The council has been reported to the Cabinet Office’s “mystery shopper” website, which was set up last year to allow small businesses to complain about unfair procurement processes.
The council advertised a four-year construction framework in December for architects, engineers and other built environment professionals who spent many hours completing a 43-page pre-qualification questionnaire.
The framework particularly appealed to young practices because the turnover and PI insurance requirements were not insurmountable, said Russell Curtis, a director of RCKa and a member of the RIBA’s procurement reform group.
But six months after the closing date, applicants received an email from Tower Hamlets saying the procurement had been cancelled because the “structure of the contract was out of step with current market conditions”.
“The council is therefore preparing to issue a new Ojeu for a contract that will meet its requirements for construction consultancy services,” it said, inviting the recipients to reapply.
Curtis said: “It’s a bit disrespectful to be so vague. Market conditions can’t have changed significantly in the last six months to ditch the whole thing.
“A lot of work was put in by many practices. The council put off making a decision for months and suddenly cancelled the whole thing. I no longer find this kind of behaviour surprising but it is frustrating.
“The people procuring these things have no appreciation of how much work goes into them.”
Luke Tozer, a director of Pitman Tozer Architects which also applied, estimated his practice wasted up to three days, or £2,500, on its submission.

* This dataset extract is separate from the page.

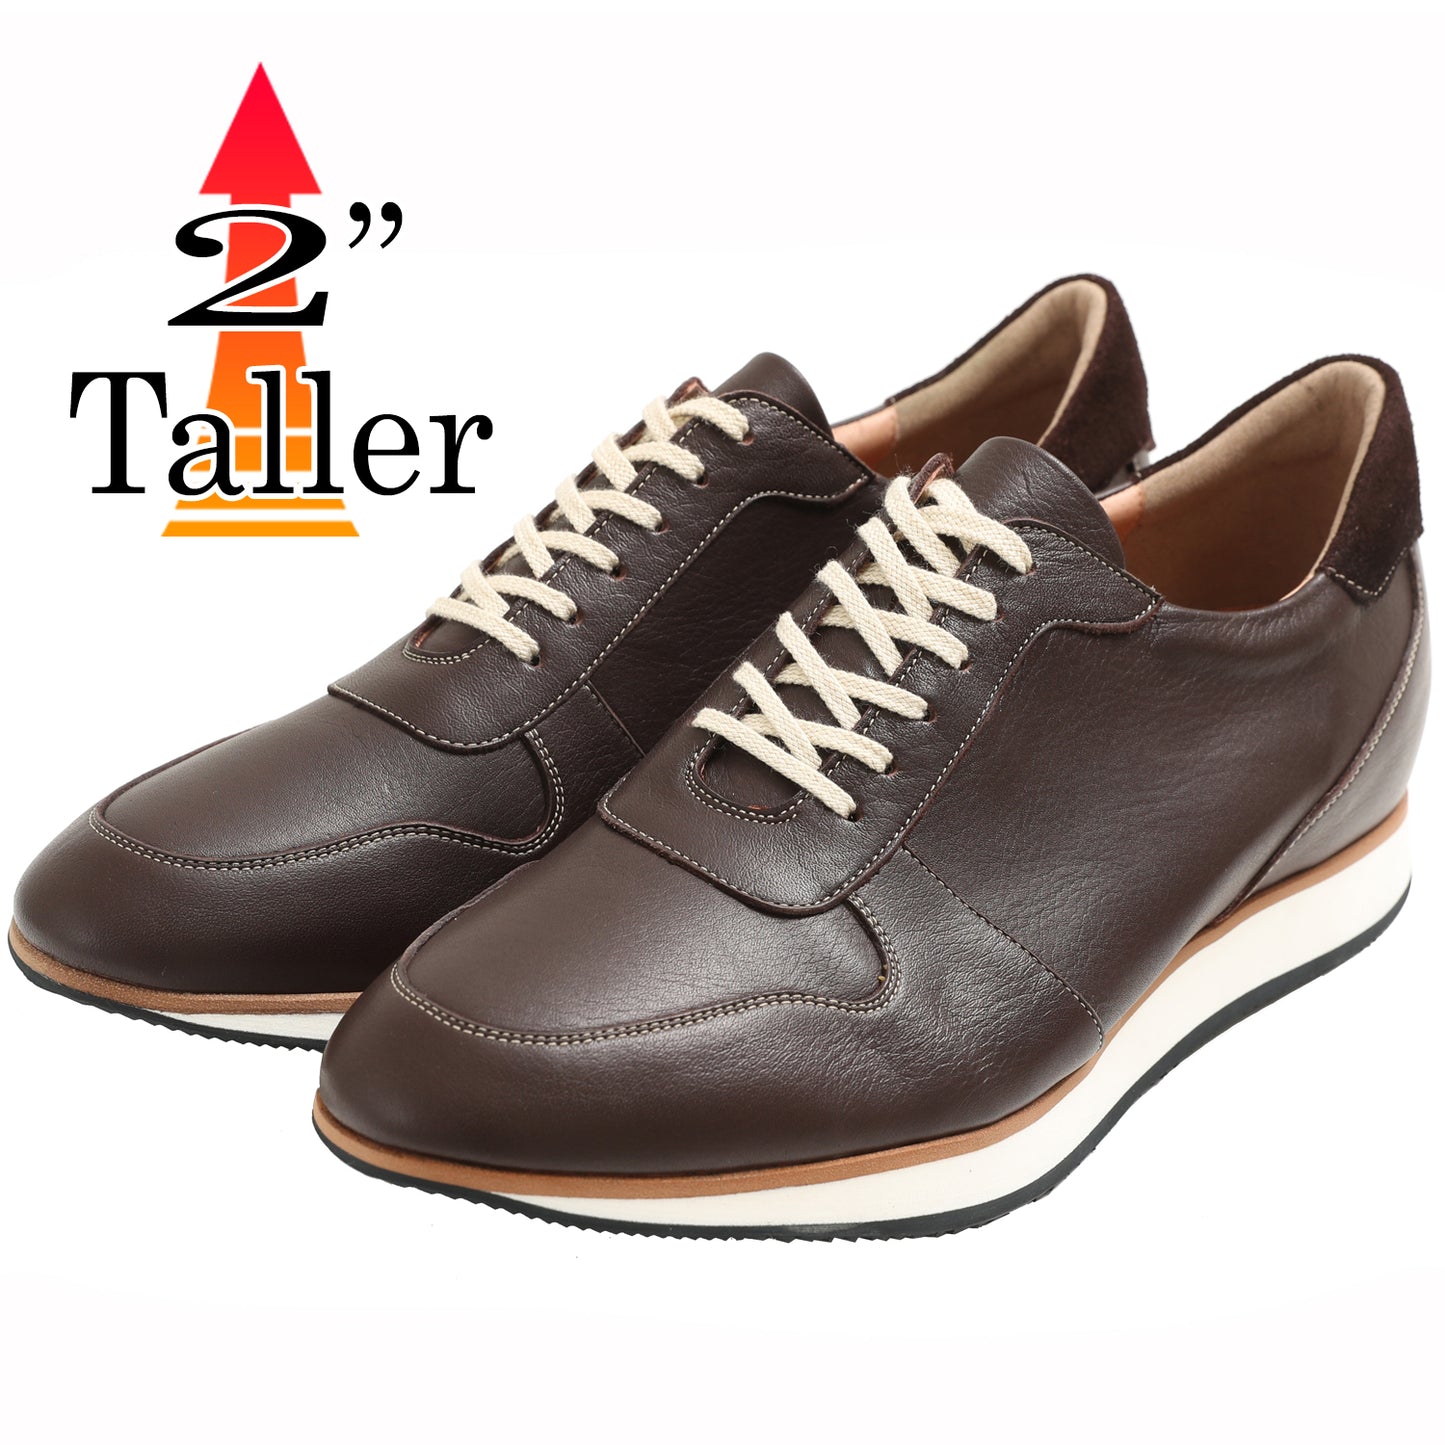 Men's Elevator Shoes Height Increasing 2" Taller Casual Shoes Genuine Leather Fashion Sneaker No. 801

If there were 20 applicants for each of the 13 categories of the scrapped framework, it could amount to more than two “man years” of waste, he said.
“It’s a very poor use of public funds and incredibly costly for the private sector. There should be a process of reprimand and compensation,” said Tozer, who is also on the RIBA’s working group.
Hari Phillips, director of Bell Phillips Architects, which also applied, said: “This demonstrates why we need a better way of procuring architectural services in the public sector.”
The Cabinet Office confirmed it was investigating.
Tower Hamlets did not respond before BD went to press.